With the turning back of the clock in these last weeks of October, much of the northern hemisphere takes a step into darkness. The evenings start earlier and the days feel shrunken and abbreviated, inviting us to turn inward, to reflect on the year past, to gather our energies in preparation for the winter ahead.
While daylight savings time is a 20th century invention, there is much tradition around embracing the darkness at this time of year that marks the shortest days moving toward winter solstice. Ancient harvest festivals like Samhain – which have likely morphed into today's more flamboyant Halloween celebrations – acknowledged the shrinking of the sun's power at this time, offering gratitude for the harvest from the seasons past and humbling towards the coming winter.
We love staying in tune with these natural rhythms, connected to the ebb and flow of mama nature's embraces, and taking a hint from tradition to modify our own rituals and practice accordingly.
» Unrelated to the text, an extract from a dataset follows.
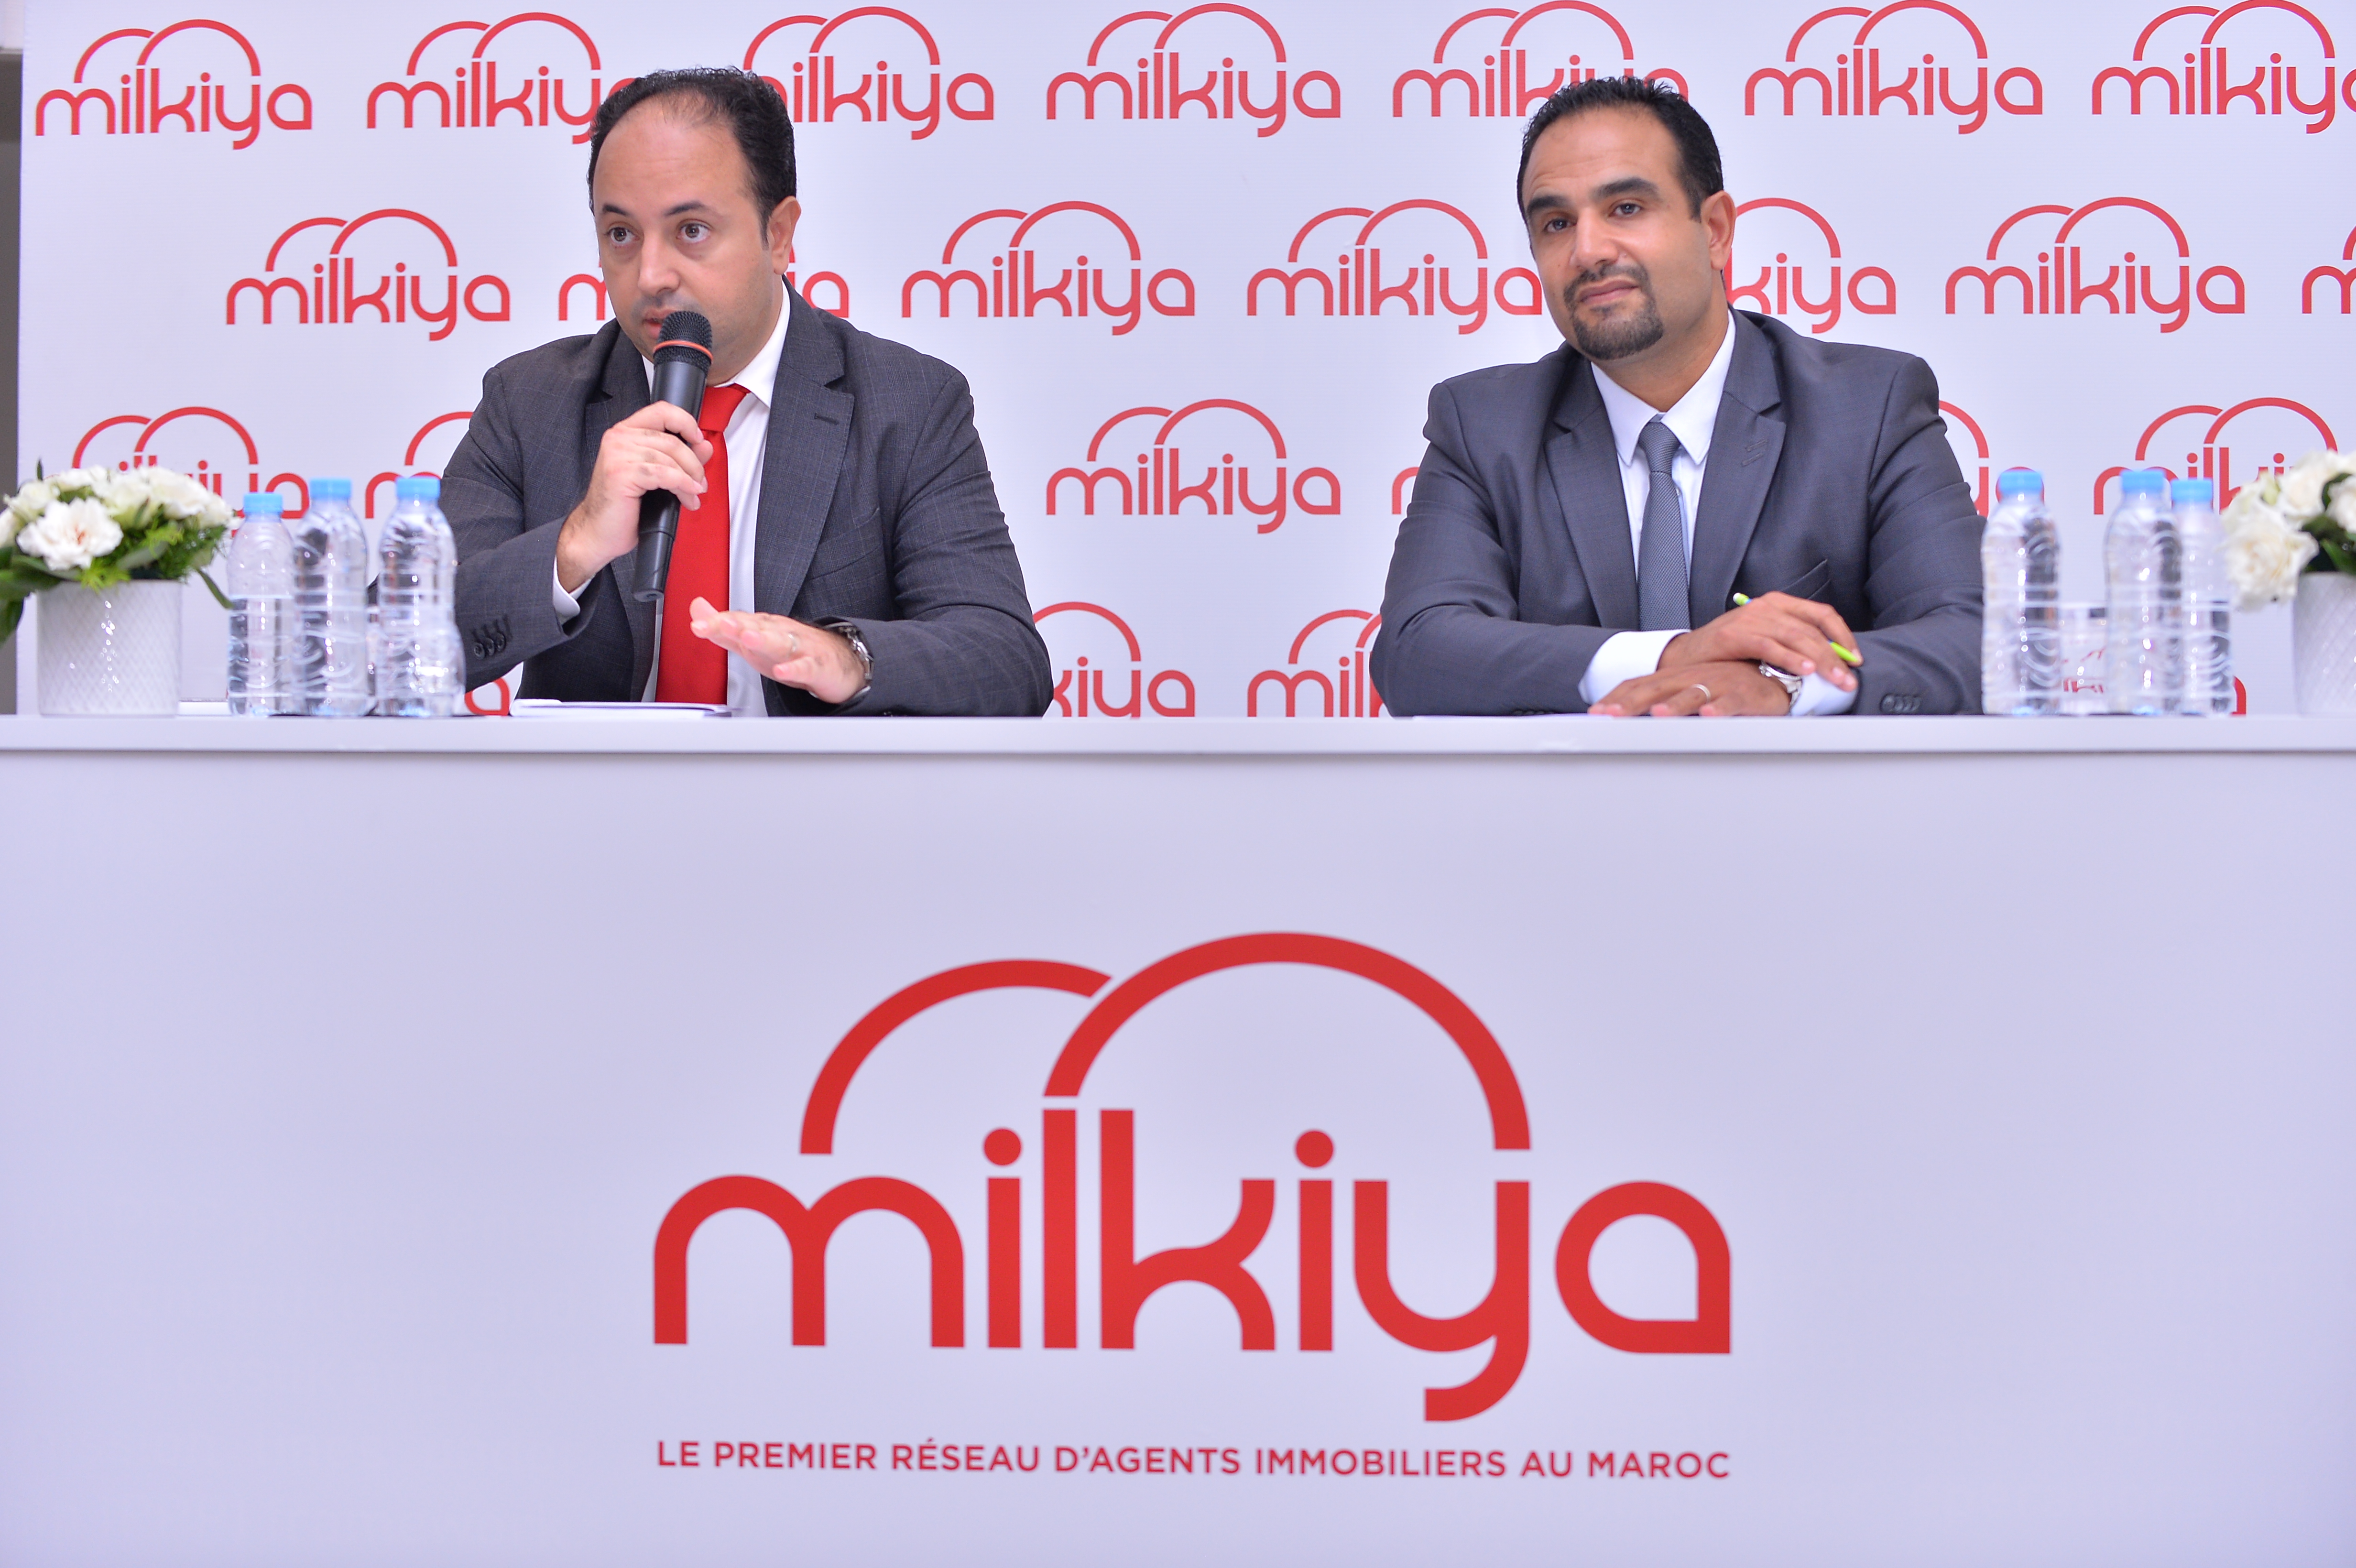 Lancement de Milkiya, premier réseau d’agents immobiliers indépendants au Maroc

Here, we've gathered some ideas on how to consciously embrace the darkening of the days and use the sanctuary of longer nights to deepen introspection – on and off the mat.
Make your own light
As the days darken, choose to kindle small lights of your own. Light candles – even at breakfast! Candles bring a flicker of warmth, a tiny reminder of the brightness of the sun into your home. If you have a fireplace, use it! The element fire is just the thing to stave off the winter dread. Try meditating on a candle flame – the yogic practice of Trāṭaka involves fixing the gaze on a single point – often a candle flame – without blinking. This is said to enhance focus and quiet the mind, while also functioning as a kriya (cleansing practice) as the eyes begin to water.
Get warm from the inside out
Adjust your Yoga practice to the cold and dark by incorporating warming and stimulating elements to stave of the lethargy of the kapha dosha, which can become dominant during the slower and more sluggish winter months. Try starting or ending your practice with khapalabhati breath to cleanse and stimulate. Incorporate more standing poses like virabhadrasanas or utkatasana into your flows to build up tapas (cleansing heat). And get cozy in savasana: wear wooly socks, a sweater and cover up with a blanket – keep the fire inside and carry it with you from the mat into your day.
This is the time for spice! Adjusting your diet to the cold months is a yogic practice that can bring much joy. Incorporate warming curries, spicy chais, grounding root vegetables and lots of ginger into your daily eats. This both literally warms you up from the inside and also boosts the immune system to stave off seasonal colds. Most ayurvedic cook books will have lots of great recipe ideas to inspire your time at the warm hearth.
Most importantly, keep the heart fire burning. Love more. Hugs create warmth. So do shared cups of tea and long conversations. Winter is also a perfect time to go on retreat - it offers the most fertile ground for transformative processes as we are already intune with going inward.
Embracing the comforting, cozy darkness and using its gifts to stoke the inner flame will bring so much fruit when we emerge on the other end, refreshed, rested and restored in time for Spring!